The learning rule induces synaptic weight changes that implement a stochastic gradient descent on the RP model weights. In contrast to classical gradient descent-based methods, which apply the gradient of the likelihood of training data (Materials and Methods), the rule we present here is a biological implementation of stochastic gradient descent on the minimum probability flow (50) objective function (SI Appendix has details and derivation).
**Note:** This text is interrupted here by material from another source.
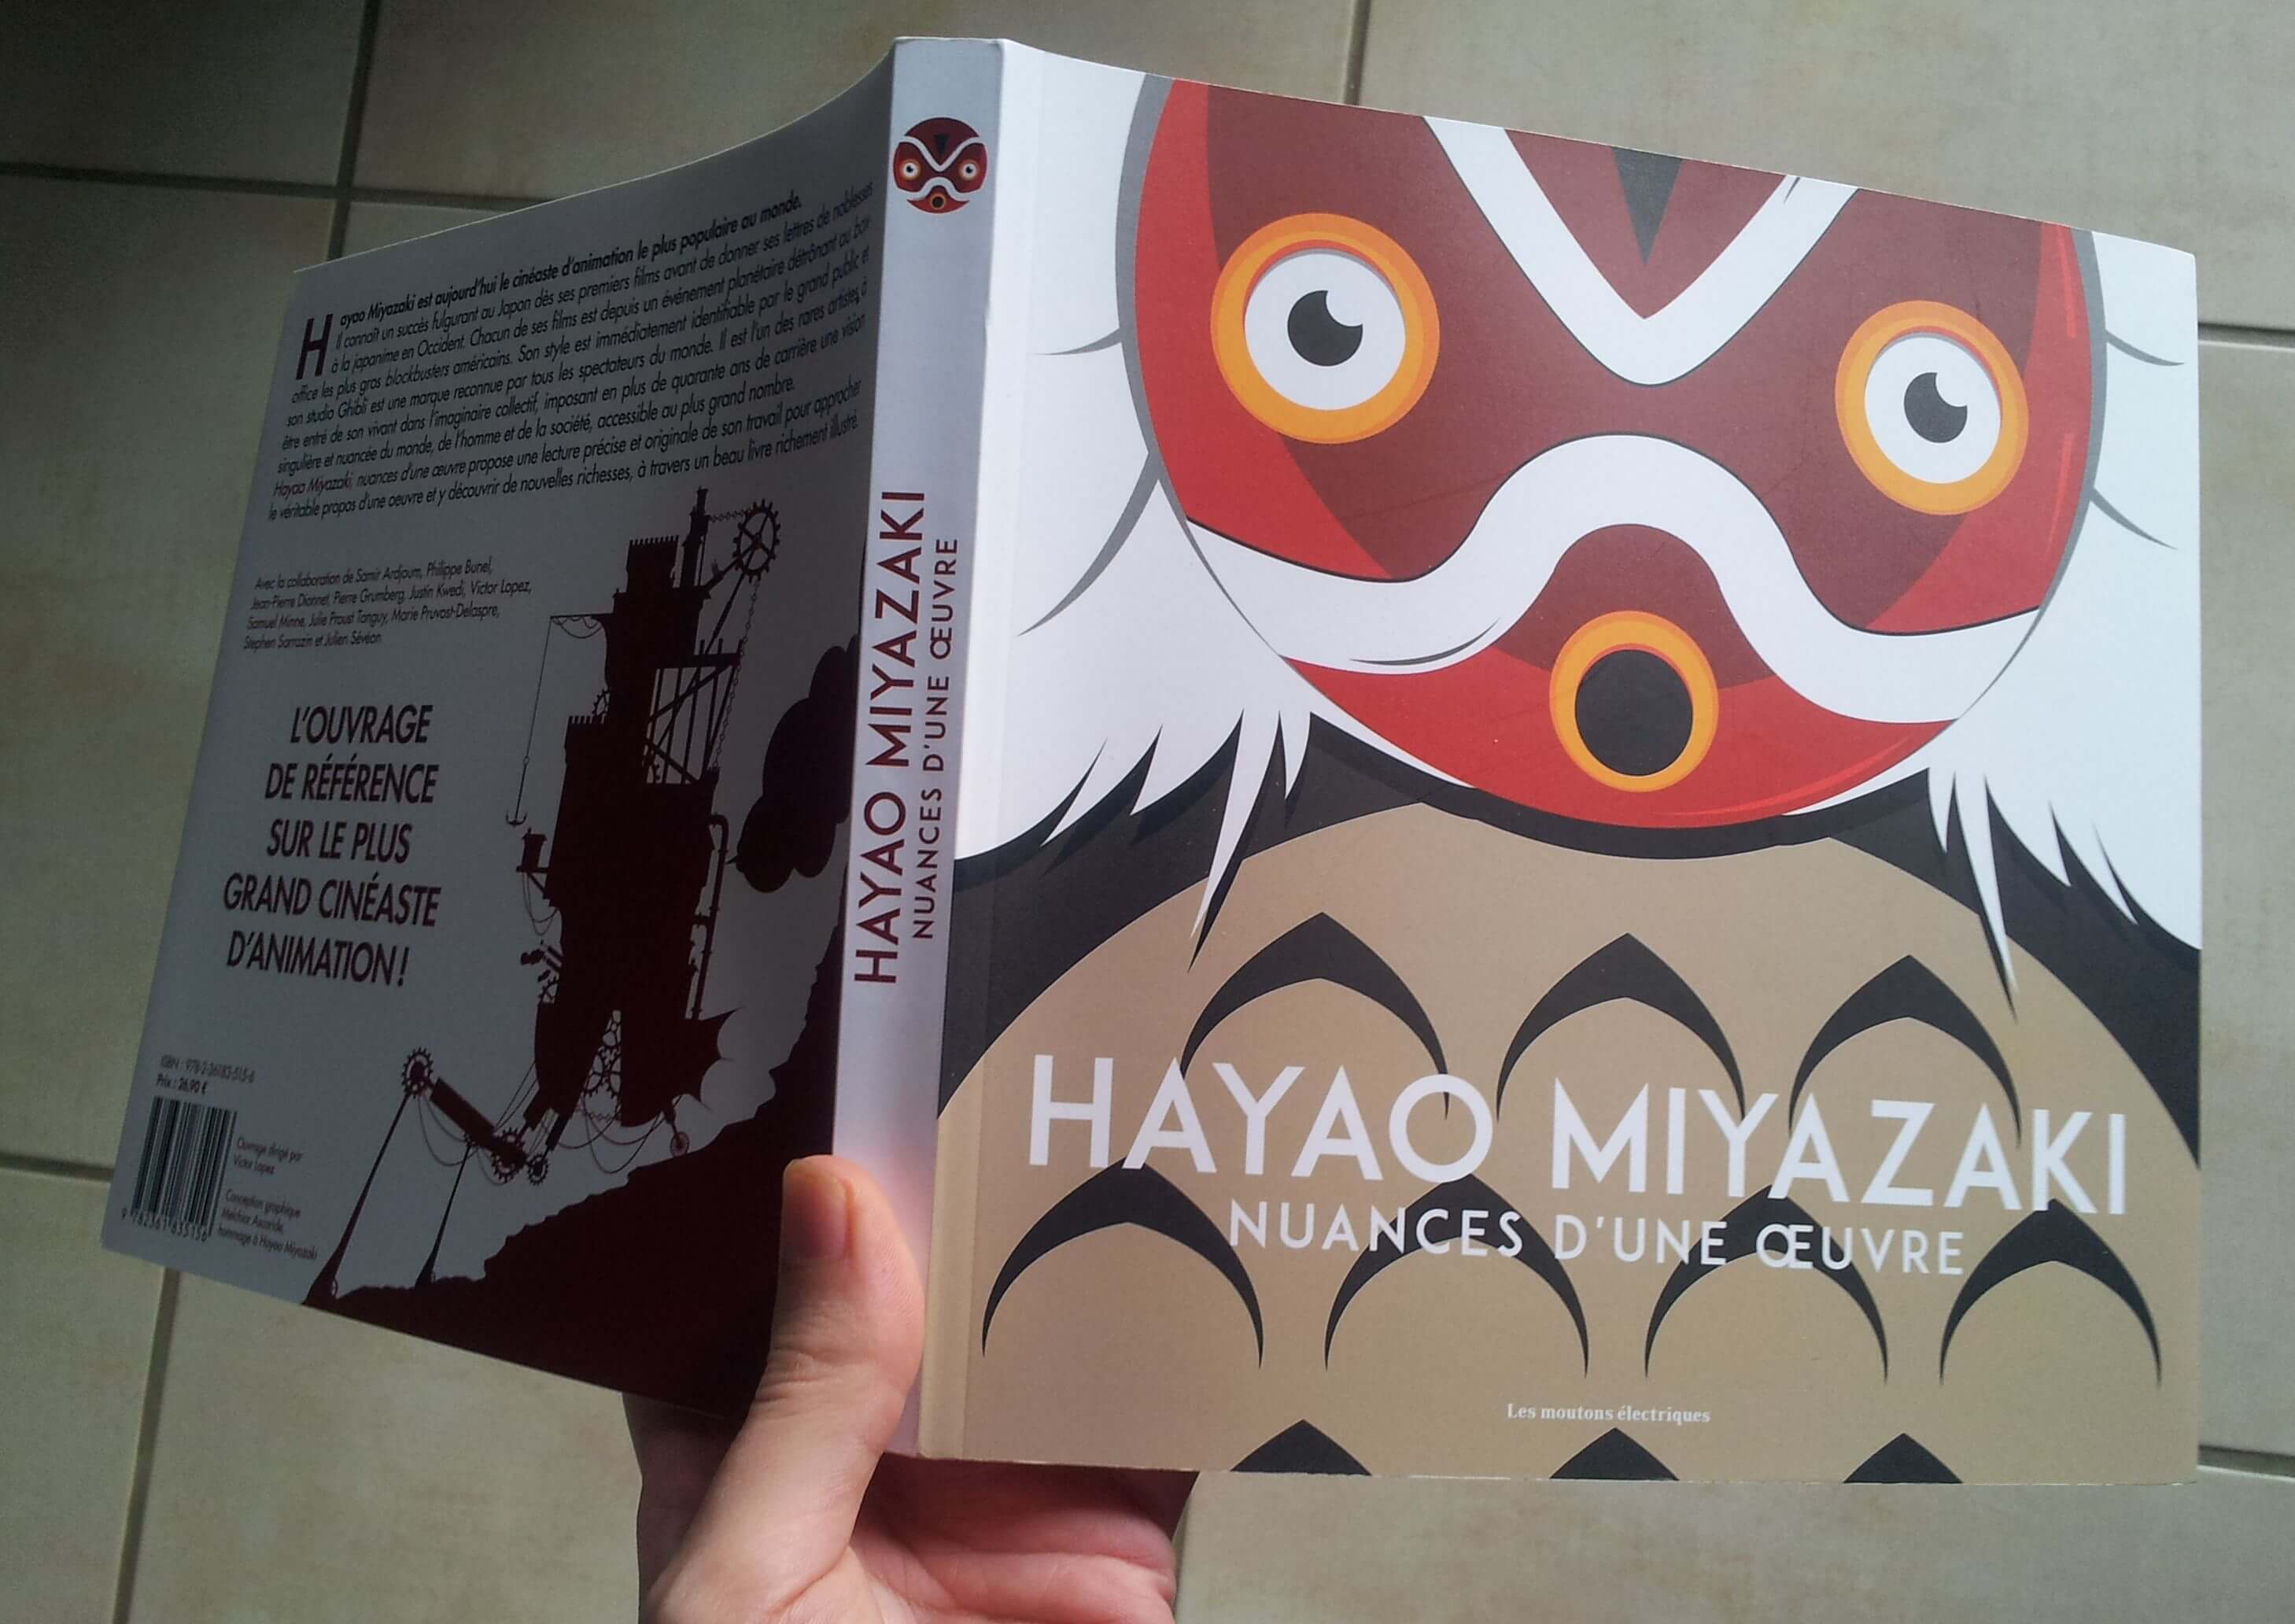 https://www.studioghibli.fr/wp-content/uploads/2018/12/nuances-d-une-oeuvre-Hayao-miyazaki-photo-couverture.jpg

In this implementation, the neural noise crucially allows the neural circuit to compare the surprise of observed activity patterns with that of unobserved ones, where the goal is to decrease the former and increase the latter. Although the learning rule is an adaptation of a convex optimization method, its form is similar to that of noise-perturbation methods for reinforcement learning (51, 52), which also rely on comparing between the circuits’ response to clean and noisy signals. Unlike the traditional roles of noise in computational learning theory for avoiding local minima (53, 54) or finding robust perturbation-based solutions (10), here it is the central component that actively drives learning. While the echo mechanism underlying the learning rule resolves the issues of locality and credit assignment, which are the two major obstacles to biological plausibility of learning deep neural networks, its exact implementation details are not fully addressed here (SI Appendix has some conceptual ideas) and remain a topic for future work.

Neural circuits trained using the learning rule of Eq. 3 reached a performance close to that of identical circuits (i.e., the same RPs) trained with the nonbiological standard gradient descent approach (Fig. 4 A, Top), with closely matching synaptic weights (Fig. 4 B, Middle). Notably, training the model for a single epoch already yielded a performance significantly higher than the independent model. These models also accurately captured high-order correlations (SI Appendix, Fig. S7A) and the distribution of population synchrony (SI Appendix, Fig. S7B). When trained with severely undersampled data, the performance of RP models trained with the learning rule was comparable with that of the standard pairwise model (SI Appendix, Fig. S7C).

The RP model can be further improved in terms of both its performance and biological realism by training it using Eq. 3 while periodically discarding projections with a low value of $| λ_{i} |$ and replacing them with new projections that were selected either randomly (SI Appendix, Algorithm 1) or in such a way that maximizes their predictive contribution (SI Appendix, Algorithm 2). In the equivalent neural circuit, this corresponds to pruning weak synapses to the output neuron (as reported by ref. 55) and creating new connections to previously unused parts of the circuit. We found that this simple pruning and replacement of synapses resulted in more compact models, where the performance increases primarily when the model has few projections (Fig. 5A and SI Appendix, Fig. S8A). The pruning, in effect, adapts the RPs to the statistics of the input by retaining those that are more informative in predicting the surprise. Although each intermediate neuron still computes a random function, the set of functions observed after training is no longer drawn from the initial distribution but is biased toward the informative features. As a result, the intermediate units that are retained have lower firing rates and are more decorrelated from each other (Fig. 5B and SI Appendix, Fig. S8B). Thus, when neural circuits learn to compute the surprise of their inputs, pruning weak synapses would result in a more efficient, sparse, and decorrelated activity as a side effect.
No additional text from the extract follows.